You've had a good week on the road, and with Friday's applications locked safely in the trunk of the car, you decide to reward yourself by meeting some buddies for a drink before heading home. When ready to leave, you discover that your car has been stolen, client files and all.

I spoke with Attorney Adam Atlas who specializes in the bankcard industry to find out what an agent's liability would be and what steps an agent should take in this instance to protect himself and clients.

Atlas described the situation as losing nonpublic personal information. If harm comes to merchants as a result of agents losing this data, two parties would have a right of action against the agents.

One party is the merchant under privacy legislation or common tort law, the other party is the processor under the terms of the agent agreement.

If we as agents lose data and harm comes to the merchant, we are on the hook with the merchant, processor and card Associations. All contracts now have provisions for this.

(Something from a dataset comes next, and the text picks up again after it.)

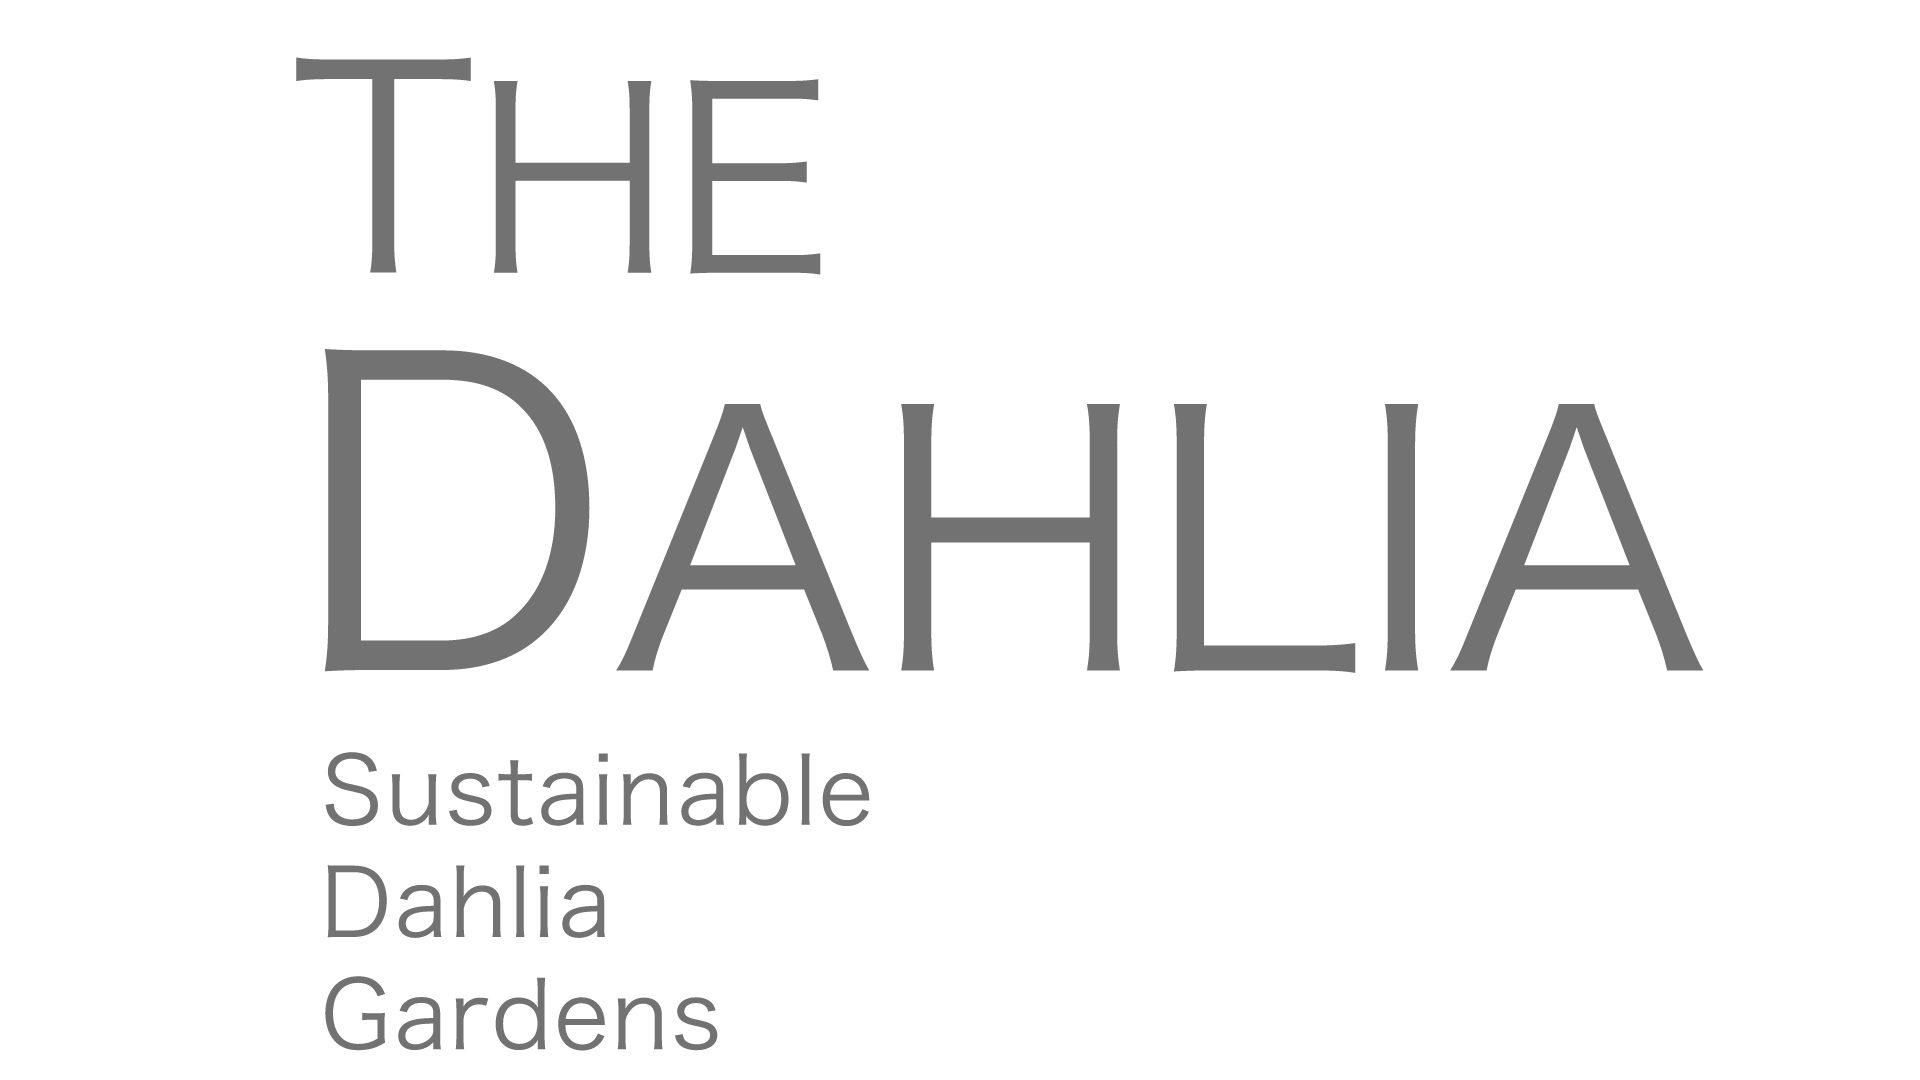 THE DAHLIA

Banks are tightening up their security requirements, and everyone in the industry should come up to speed on this.

If in this situation, Atlas recommends immediately notifying the processor and merchants in question so they can quickly cancel any affected cards or accounts. He also recommends contacting local law enforcement.

He said one of the risks to agents is that the merchant or processor might suspect them as the party responsible for the lost or compromised data. Transparency is therefore important to avoid confusion.

One way to reduce the chances of being wrongly suspected for the theft is to report it to the police. Do the report in conjunction with the processor; the processor should not find out about the theft from the police. Agents need to understand and explain to merchants why they have to collect their information because merchants have a right to know.

Atlas also recommends taking the following precaution when filling out merchant applications: Don't take down sensitive information in front of a third party or display data on a car seat.

Agents should take a little comfort in the fact that claims of this kind will probably be limited by the actual damage done to the merchant. If it is not the agents' fault, this should not preclude them from continuing in this industry, although they may not be able to do so with their current processor.

Following the guidelines set forth by the processor and using common sense and safe business practices will ensure trust from both the processor and merchants. Our livelihoods depend on this trust.

(In case you are wondering, the vet did not get my Social Security number!)